Quando Omni Flunkus Moritati

 

[zekeman]

Tick,
You are right, never thought one would design a scissor mechanism with
negative mechanical advantage, since you need 5X the weight to lift it.
This is a first.
Rb,
Kinematics
You do it this way, nothing fancy
Geometry
Y1=5Lsin@ at the weight
y2=Lsin@ at the bottom pull point
dY1/dY2=5
F1dY1=F2dY2
F2/F!=5
Mechanical advantage 1/5

 

[Compositepro]

Assuming this is a statics problem, the vertical force at each of the three center pivots of the scissors must be equal. The top lever arm has a 3:1 ratio. The direction of the force arrows in the drawing is somewhat confusing. They are not in balance for a statics problem.

 

[JLKDS]

Hi guys, I do apologies for the confusion in the diagram, the force at A was meant to be in the opposite direction as this is the counteracting force that will balance the mechanism making it static. I realise the issue regarding mechanical adavantage or should I say disadvantage with making a big movement from a small input movement in that is always going to require a greater force at the input. That is a the movement I require but I didn't calculate the ratio was that high as 1:5 so thanks for cleaning that up.

Cheers

 

[TheTick]

In my last job, I analyzed dozens upon dozens of mechanical lift mechanisms. I'm pretty adept at finding mathematical solutions, but I needed a way to keep up with all of the various "inventions", and allow the designers to analyze changes to their own designs.

The solution was simple: find the net mechanical advantage. The designer would sketch the framework in SolidWorks. Then, a macro in a spreadsheet would take the mechanism through various positions, "wiggle" it, and measure and graph the resulting mechanical advantage at each position.
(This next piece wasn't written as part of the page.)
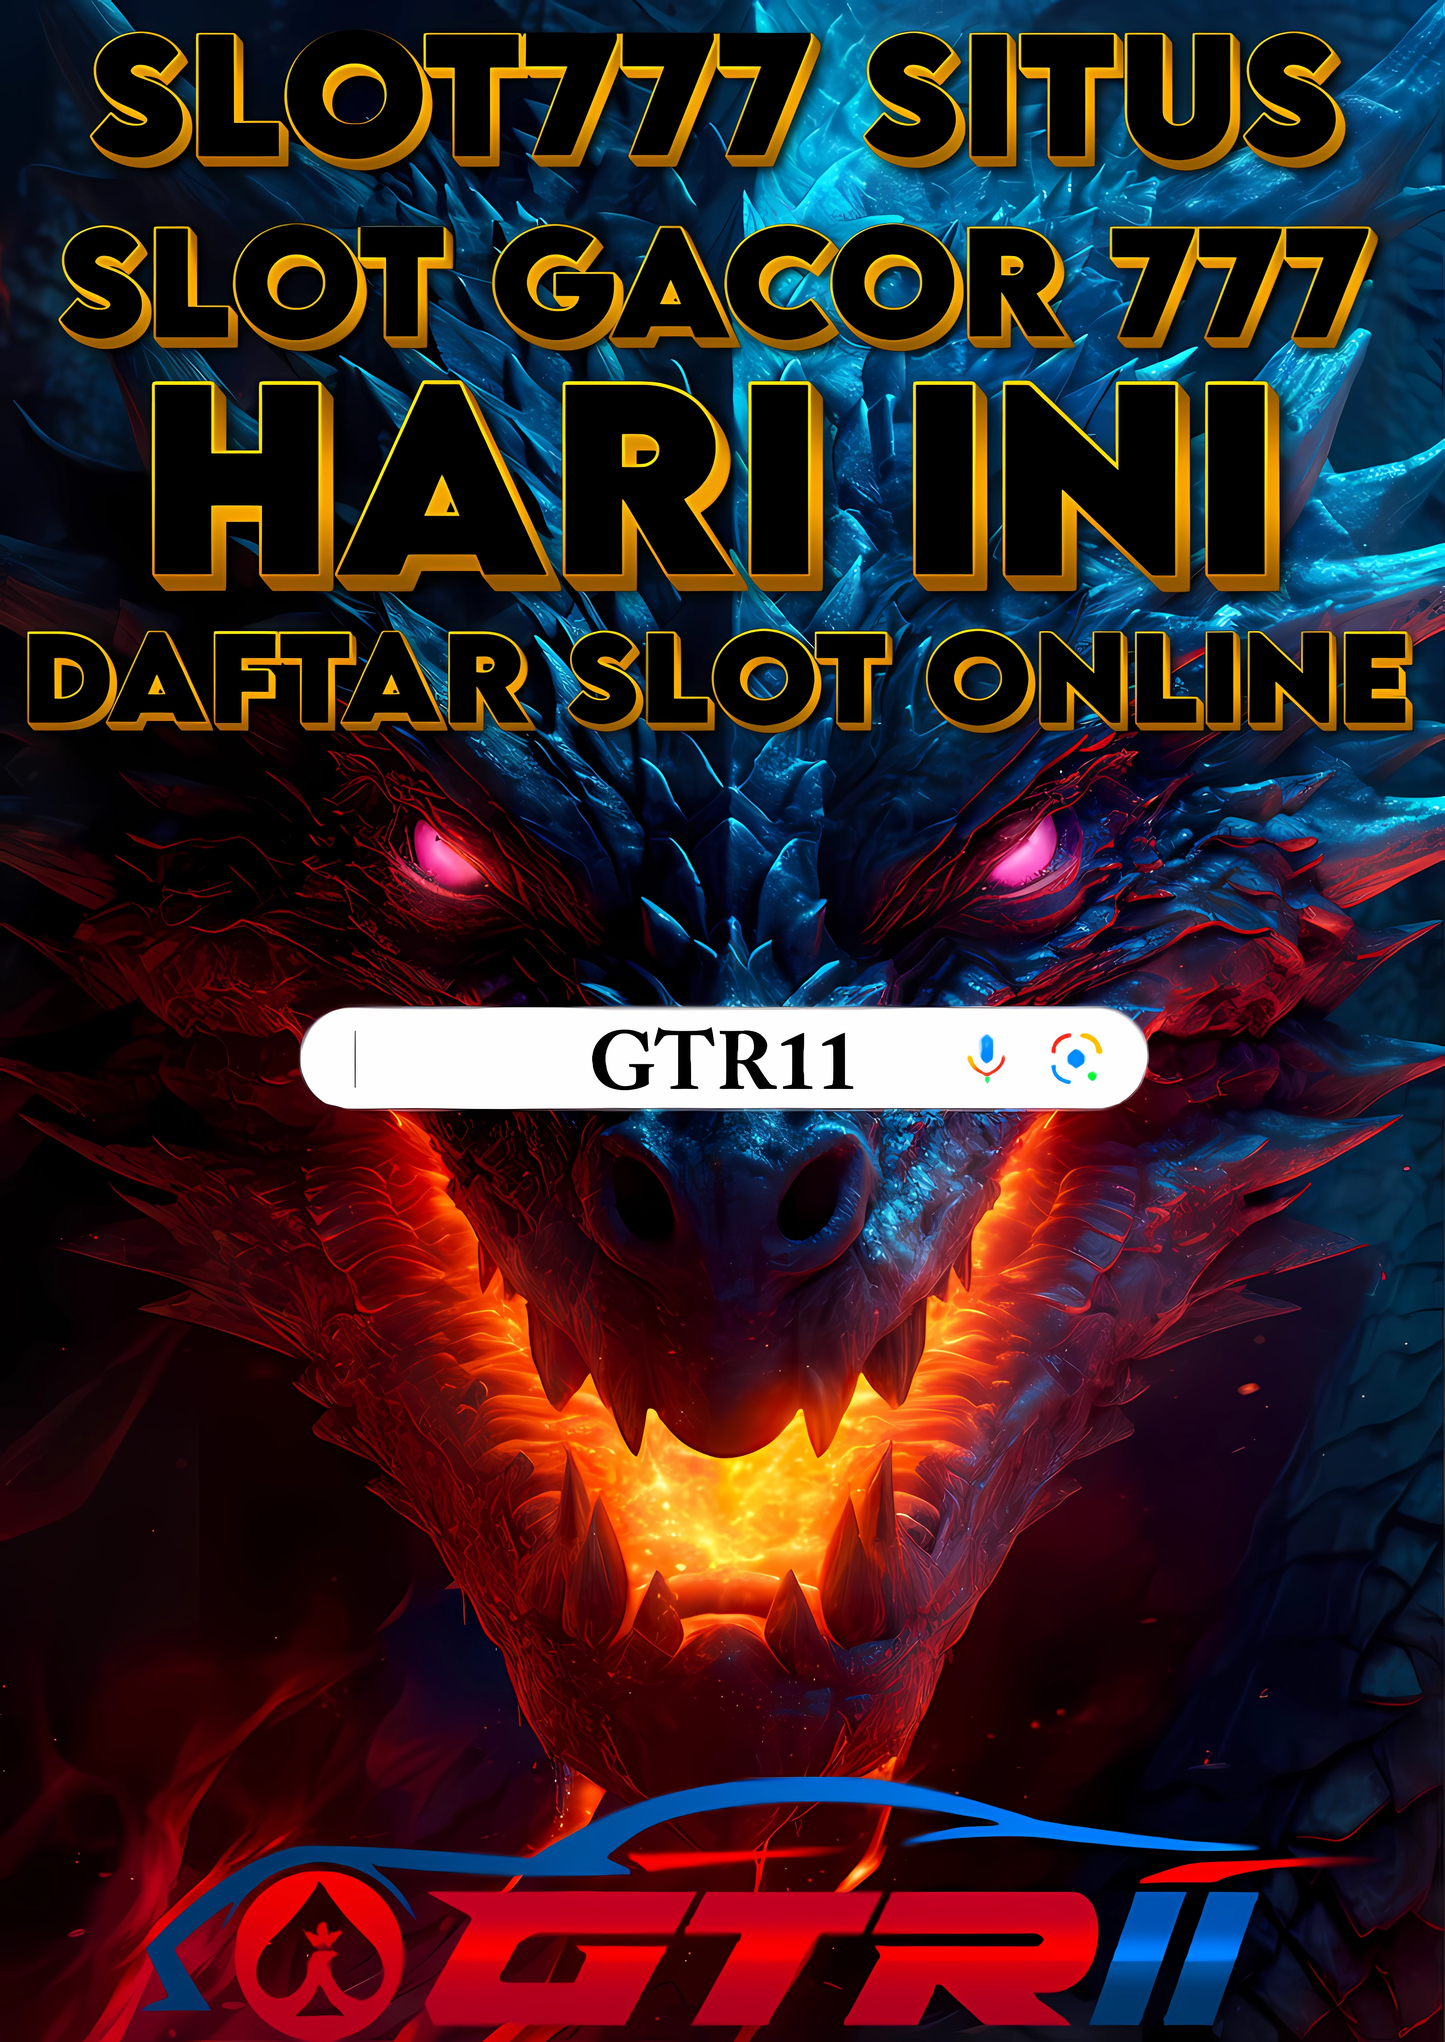 SLOT777: Situs Slot Gacor 777 Super Maxwin Hari Ini Daftar Slot Online Terbaru

Usually, the input was the length of a line representing a linear actuator, and the output was the net height of the system center of gravity.

The results of this method were great. Reality met calculations, the way they ought.

 

[jlnsol]

Tick,
Thanks for sharing this analyzing method. Very nice. "a macro in a spreadsheet"... A question I have though: Did the macro take the mechanism sketch automatically through various positions? Or was it necessary for the designer to start up the macro again and again per each sketch step? Did you make a table in the spreadsheet first for the various positions that you want to know and then let the macro step through the table?

 

[chicopee]

This problem should be of the type whereby the virtual work method is used. Virtual work is covered under Statics and Dynamics, college college course offered to ME's and CE's.